Today : Feb 25, 2025
Science
25 February 2025

New Methodology Analyzes Airport Efficiency And Market Concentration

Researchers develop innovative framework to assess airport operations in the Yangtze River Delta region.

A three-stage methodology for analyzing market concentration and efficiency among airports within the Yangtze River Delta has been proposed, aiming to improve regional transport and operational performance.

With the growth of ground transport systems, airports are facing increasing competition, leading to the establishment of airport groups to bolster collaboration and efficiency. This study focuses on the dynamics between competition and collaboration, investigating the passenger market concentration and operational efficiency within China’s Yangtze River Delta (YRD) airport group from 2011 to 2019.

The research outlines the three-stage method combining analytical methodologies and Data Envelopment Analysis (DEA), stemming from the need to seek advantageous connections between airport rivalry and collaboration. The method begins with the application of evaluative approaches, including Hirschmann-Herfindahl Index, Gini Index, and net-shift effects analysis, followed by the utilization of the super-efficiency DEA model.

A notable finding disclosed by the researchers indicates the YRD airport group registered moderate concentration levels but exhibited signs of decentralization over the study period. "The YRD airport group was moderately concentrated and had a decentralized trend from 2010 to 2019," the study states.

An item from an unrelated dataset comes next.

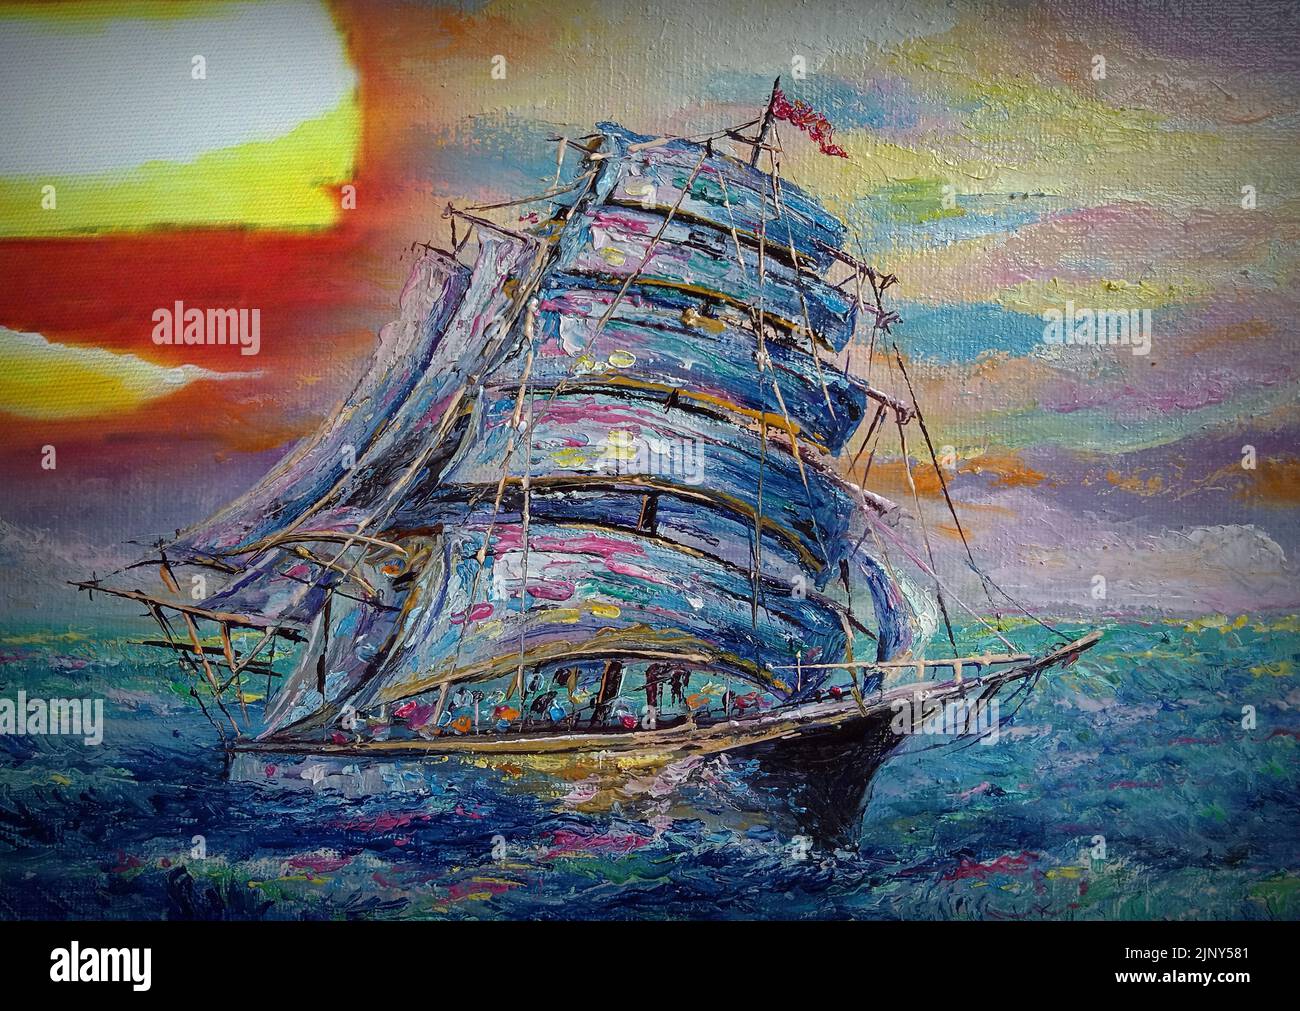 Art peinture huile couleur voilier , barque chanceux Banque D'Images

Interestingly, around half of the analyzed airports maintained efficiency scores below one, simultaneously seizing significant market shares amid competition.

Importantly, the study reveals there is "a significant positive correlation between market share and airport efficiency, whereas Net shift is only negatively correlated with airports gaining market share." This intertwined relationship highlights how passenger market dynamics are influencing operational strategies at each airport.

The analyzed data reveal substantial shifts within the airport group, emphasizing the high concentration levels across major airports. The dominant Shanghai Pudong Airport, for example, accounted for 31% of passenger throughput as of 2013, though this figure dropped to 29% by 2019, signaling potential market adjustments and increased competition.

The research effectively utilizes the super-efficiency DEA model to analyze operational efficiency, showcasing varied success among the ten major airports. While Shanghai Pudong and Hongqiao airports achieved the highest efficiency scores within the group, certain smaller airports demonstrated rapid efficiency improvements, driven by both infrastructure expansions and heightened passenger demand.

Despite efficiency advancements, operational challenges persist due to overlapping market dynamics among regional competitors. The results elucidate the necessity for airport authorities to leverage quantitative analyses and research insights when developing strategies to utilize their competitive strengths and improve operational efficiencies.

Overall, the integration of shift-share analysis along with the DEA model paints a comprehensive picture of market dynamics and efficiency trends among the YRD airports. This study sheds light on operational benchmarks and suggests potential paths for policy development to optimize airport operations and market strategies moving forward.

Future research should continue to explore these complex interactions, taking care to incorporate external economic influences such as the expansion of high-speed rail networks, as these factors increasingly influence airport efficiency and market competition.